180 causes your servo to spin clockwise at full speed. 0 causes it to spin

counterclockwise at full speed. Values of 45 and 135, for example, have the servo spin

slower in their respective directions while 90 theoretically should keep the servo at rest.

However, we say theoretically because the servo is never really perfectly centered.

This causes the servo to creep ever so slowly in one direction or another. Besides

being annoying it also ruins the accuracy of your project. So to prevent this creeping,

we attach and detach the servo when necessary in the above Arduino code. Detaching

it leaves it unpowered and therefore completely at rest.

Closing Thoughts

Now you have a continuously rotating servo that you can use alone for various projects,

or pair up to power a robot or anything else you can imagine.
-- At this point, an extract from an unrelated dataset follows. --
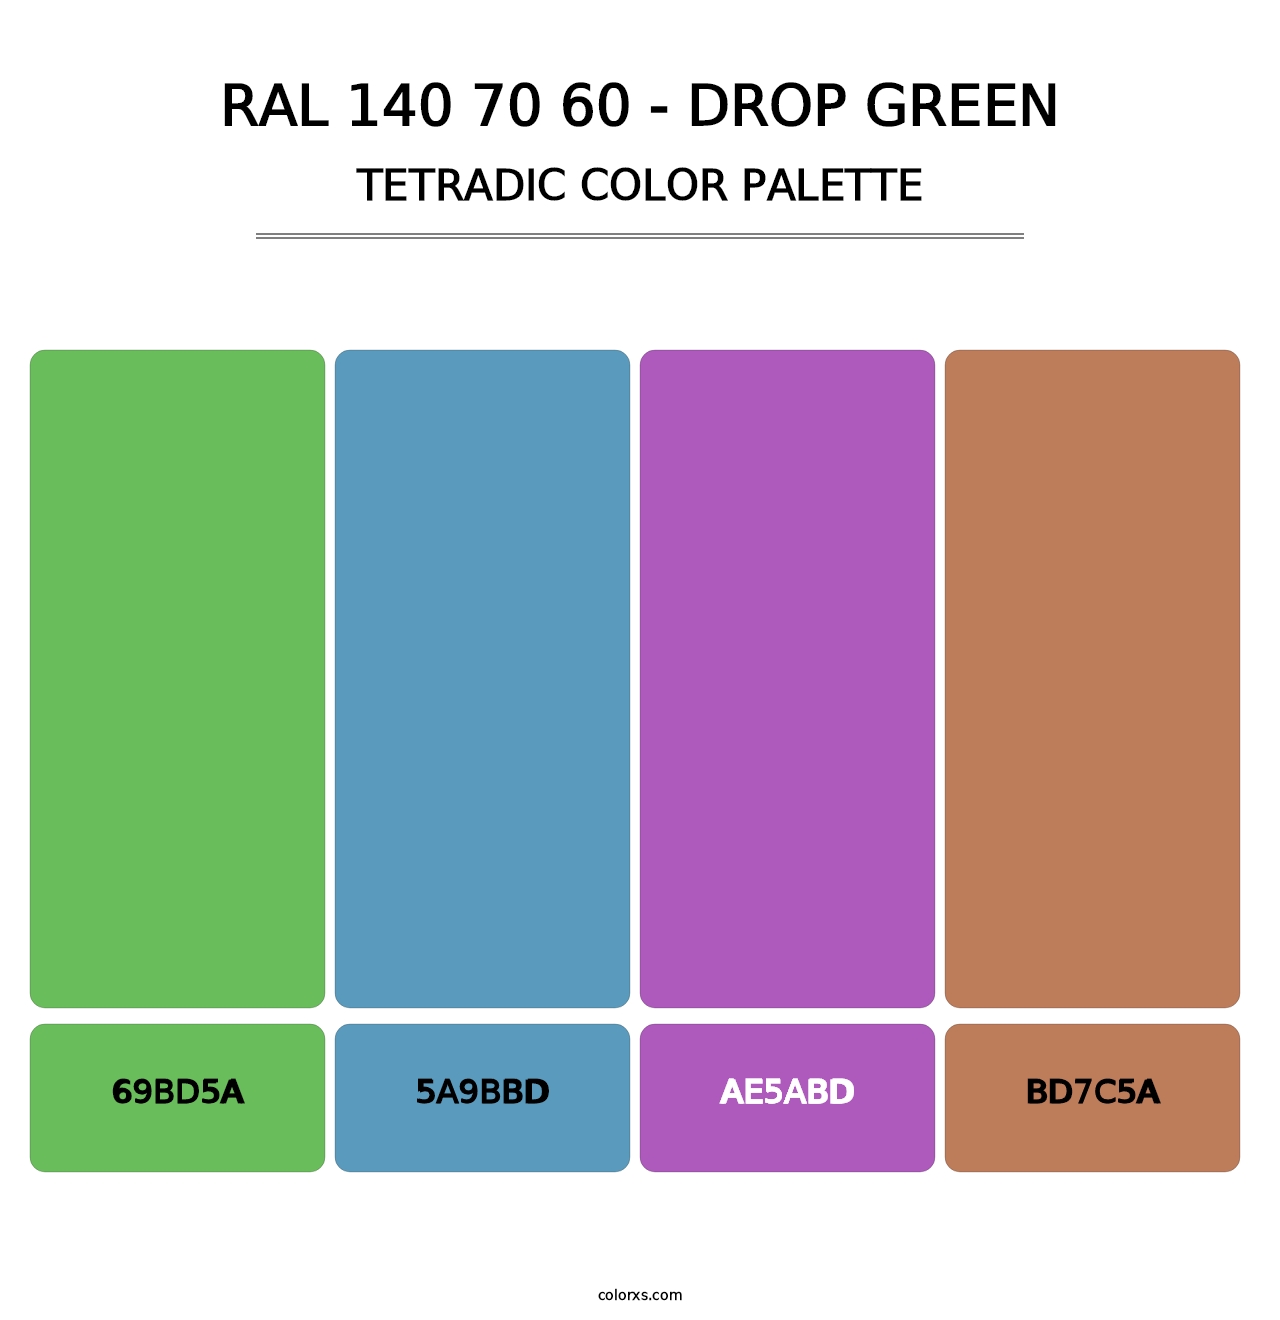 RAL 140 70 60 - Drop Green - Tetradic Color Palette

There are definitely many

other ways to do this particular hack. And there are obviously many better options you

can use if you have the time and money to source them than a hacked continuously

rotating servo. But in case you have a bunch lying around and want a quick solution,

here it is.

At Maker Zoo we've used this hack while developing our open-source Arduino robot,

and are currently using it for an upcoming IoT project. An automatic fish feeder we are

redesigning also used this very hack and operated for a year and a half without any

problems. Just be careful with the final position of the potentiometer before gluing. If

you didn't center it, the whole hack will fail. Good luck!